Charter takes up the dishes and fills the sink with suds. His agitation has quieted. He can hear Blackie calling for Asthma, the other mothers calling (and one blows a whistle). Soon she will be in her room, tucked away for the night, a breath away from him. Lovingly he washes everything, gazing again and again at the Circle, the rich grass wet with color, the trim houses, their slate roofs and stone chimneys, the polished window glass. It all gleams. It is all wonderful.

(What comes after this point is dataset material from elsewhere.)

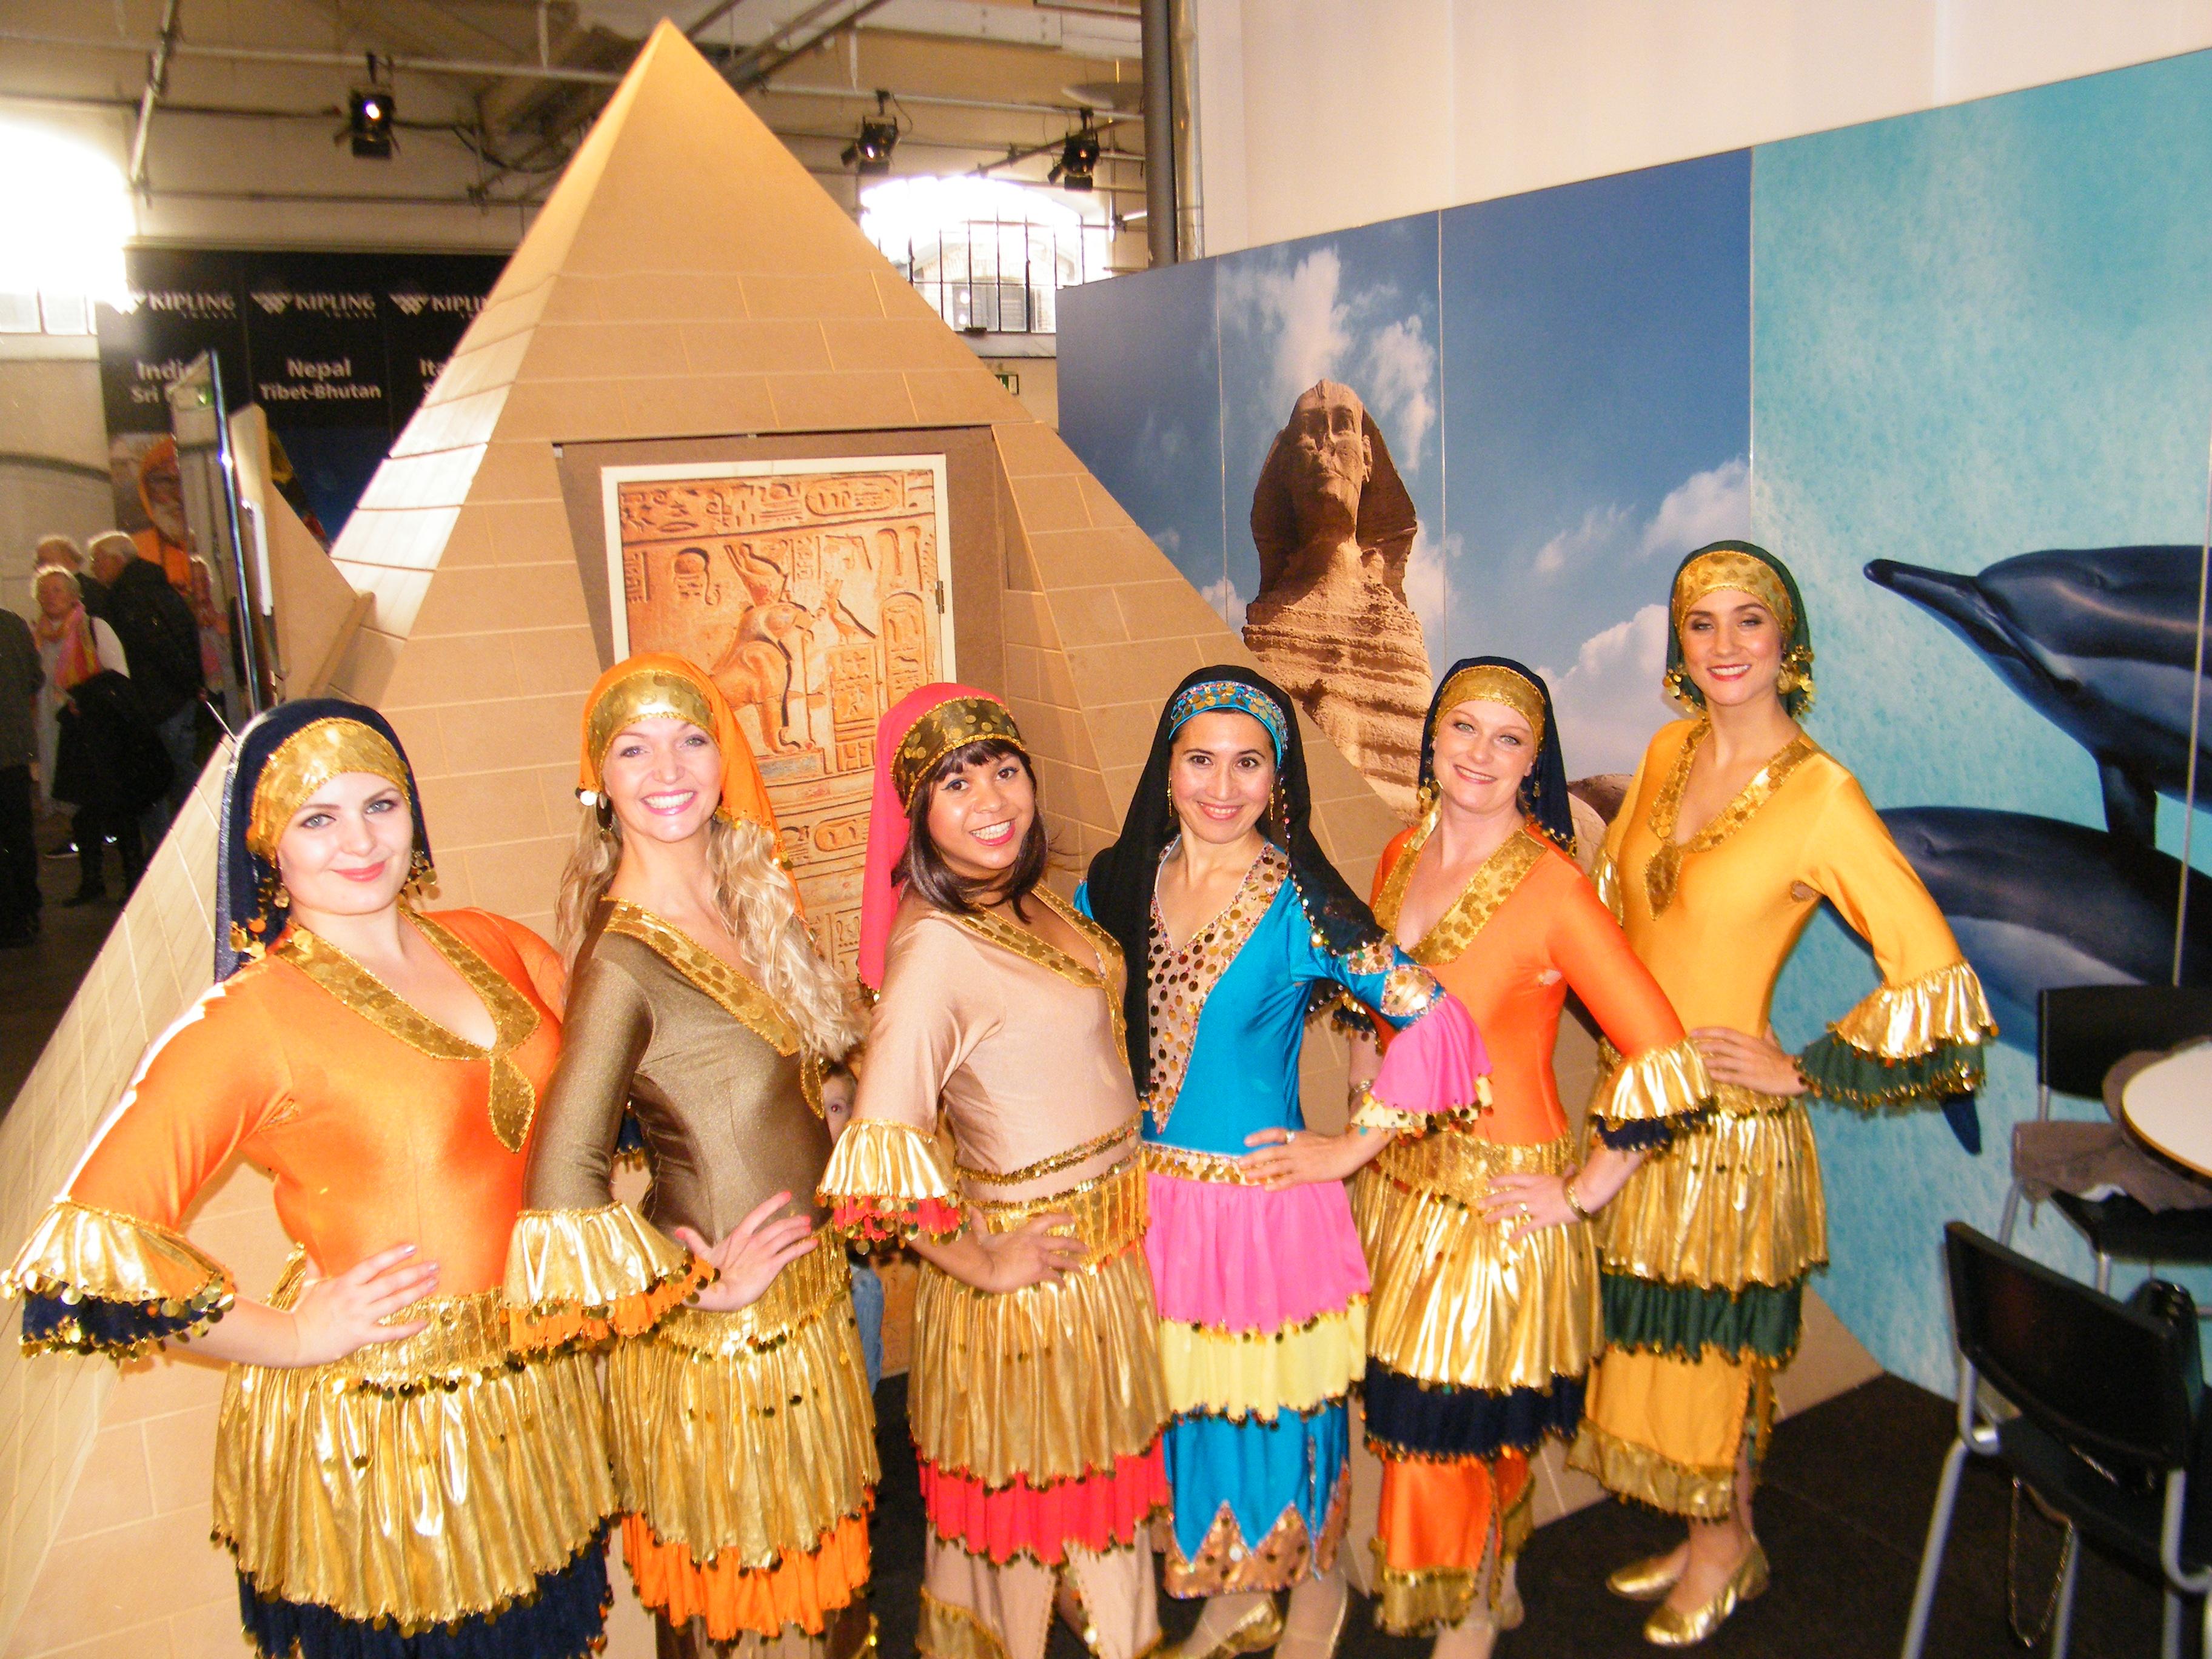 På weekendens Rejsemessen for Kvalitetsrejser stod navnlig den egyptiske stand for farverig underholdning med det danske danseensemble Shames el Amar, der på arabisk betyder Sol og Måne. Alle fotos: Henrik Baumgarten

Once everything has been dried and returned to its place, he steps out into the evening to smoke a Camel — a new habit he can currently “afford,” having, on a visit to the train station down by the river, a pleasant hour’s walk away, purloined the wallet of a well-heeled and permed crone on her way to the city for a hit of high culture. She had fallen into a deep nap beside the alligator purse, its mouth as open as its owner’s. Charter thinks how over time such acts repeat themselves, each alike, each distinct: the local hunter, dashing in sideburns and well-oiled boots, his back pocket unbuttoned; a young coed devoid of common sense, her little silk purse abandoned on the ticket counter as she, tucked into the phone booth, catches up on gossip ($150 in bills!).

How good it is to smoke a cigarette, one’s back against a solid wall, the breeze playing in the leaves, the Circle silenced, each window the promise of a shadow-puppet play. Pathos and terror, black comedy, tenderness and loss, fire and ice, pleasure and punishment — all this surging and ebbing in those ruthless, wondrous, persistent rooms. Such sweetness! Such menace! He looks on as lives grow stale, are renewed. As kittens grow into cats; as betrayal rustles the sheets, rolls under the crib, and comes to rest there; as Death catches a glimpse of a maiden and cannot turn away.